A sophisticated Hangman game solver that combines Hidden Markov Models (HMM) with Reinforcement Learning (RL) to achieve intelligent letter guessing strategies.
This project implements an AI agent that plays Hangman by learning from a corpus of 50,000 training words and adapting its strategy through reinforcement learning. The system achieves a 26.80% win rate with 50.61% guess accuracy on unseen test data.

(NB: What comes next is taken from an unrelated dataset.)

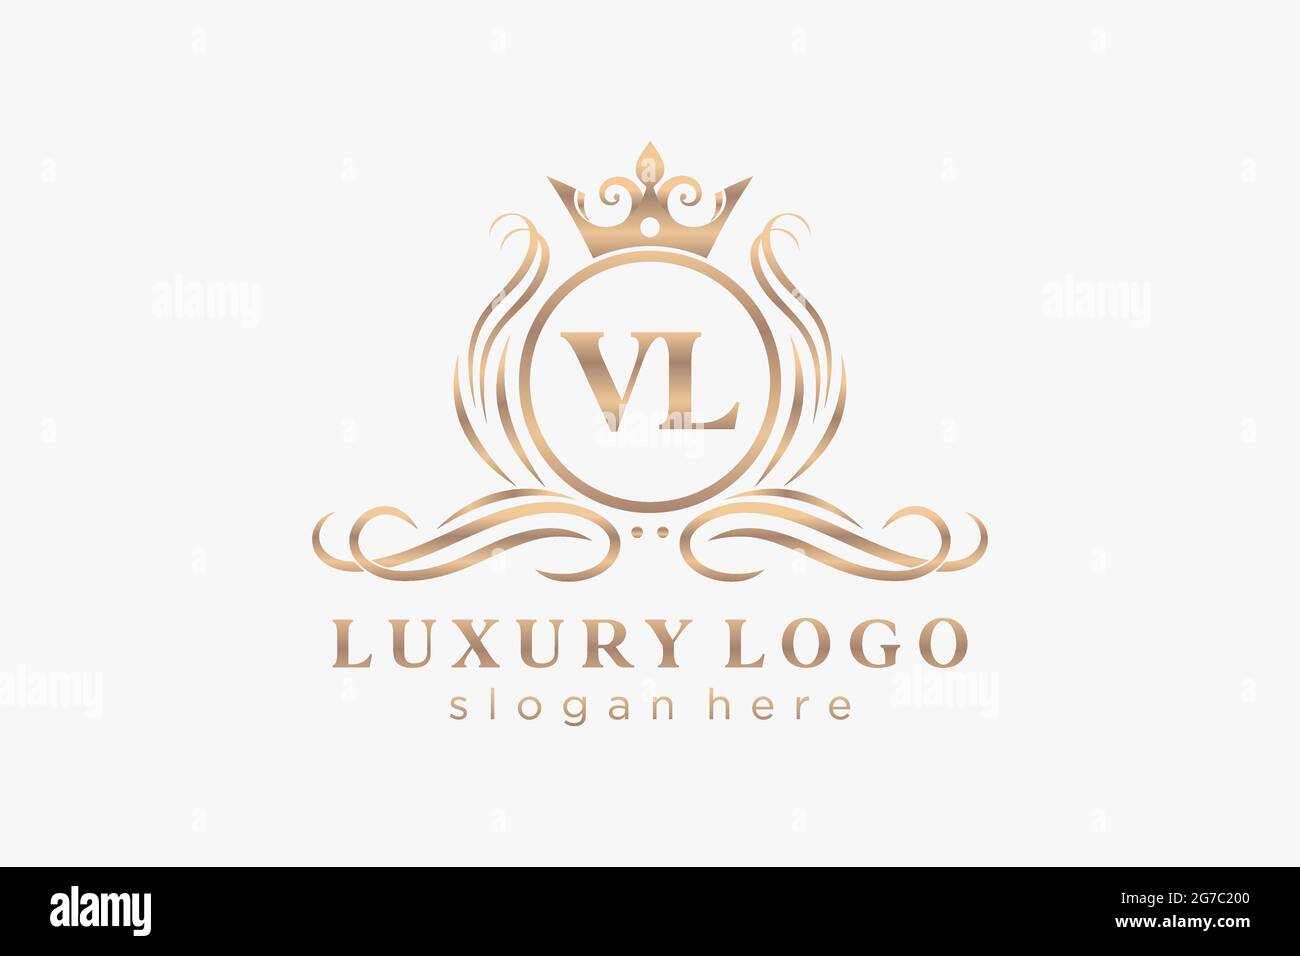 Premium Vector  Initial vl logo design, suitable for logo company

- Statistical HMM: Analyzes letter frequencies, positional patterns, and bigram relationships
- Reinforcement Learning Agent: Learns adaptive guessing strategies through trial and error
- Multi-Level Probability Model: Combines global, length-specific, positional, and contextual information
- Exploratory Data Analysis: Comprehensive analysis of the training corpus
- Performance Tracking: Detailed metrics across 2,000 training episodes
- Global Frequency Analysis: Letter occurrence probabilities (e.g., 'e': 10.37%)

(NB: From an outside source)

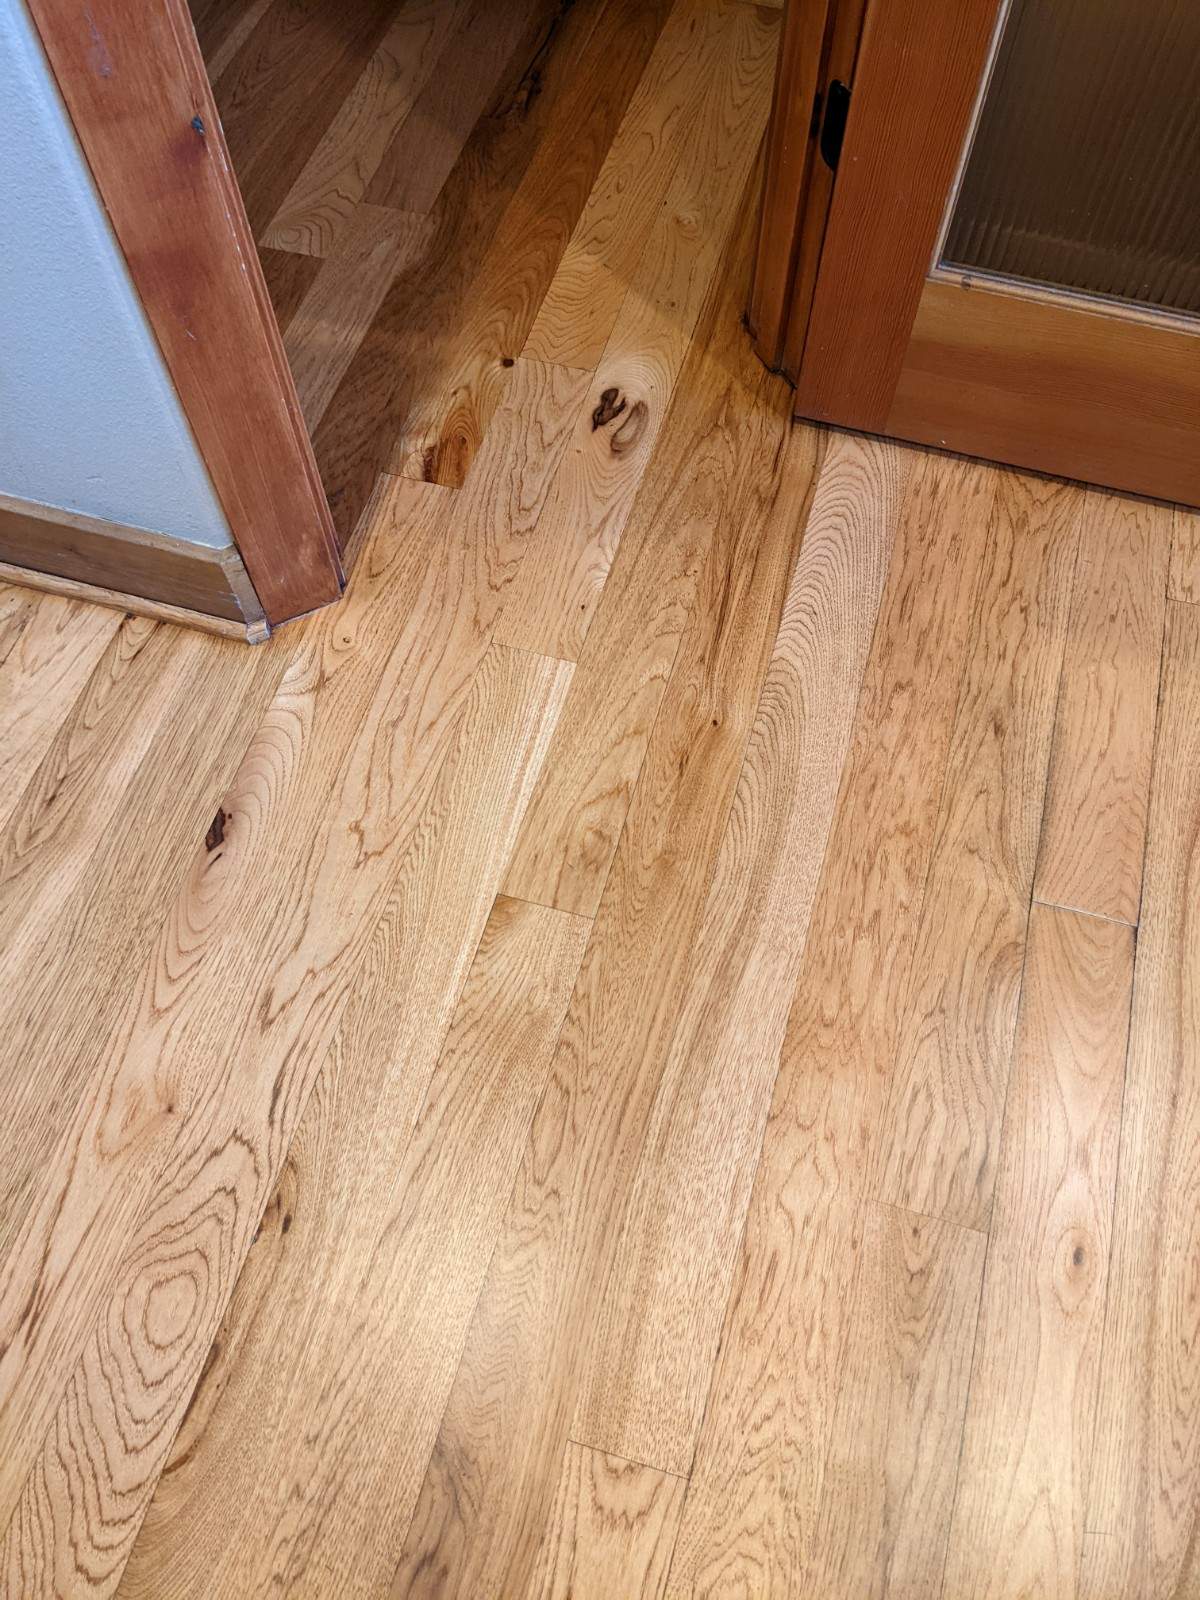 Hardwood Floor After wax removal Bend, Oregon

- Length-Specific Patterns: Different distributions for different word lengths
- Position-Based Predictions: First/last letter probabilities and relative positioning
- Context-Aware Predictions: Conditional probabilities based on revealed letters
- Vowel-Consonant Balancing: Adaptive boosting based on revealed letter ratios
- State Representation: Discretized features (length, progress, lives remaining)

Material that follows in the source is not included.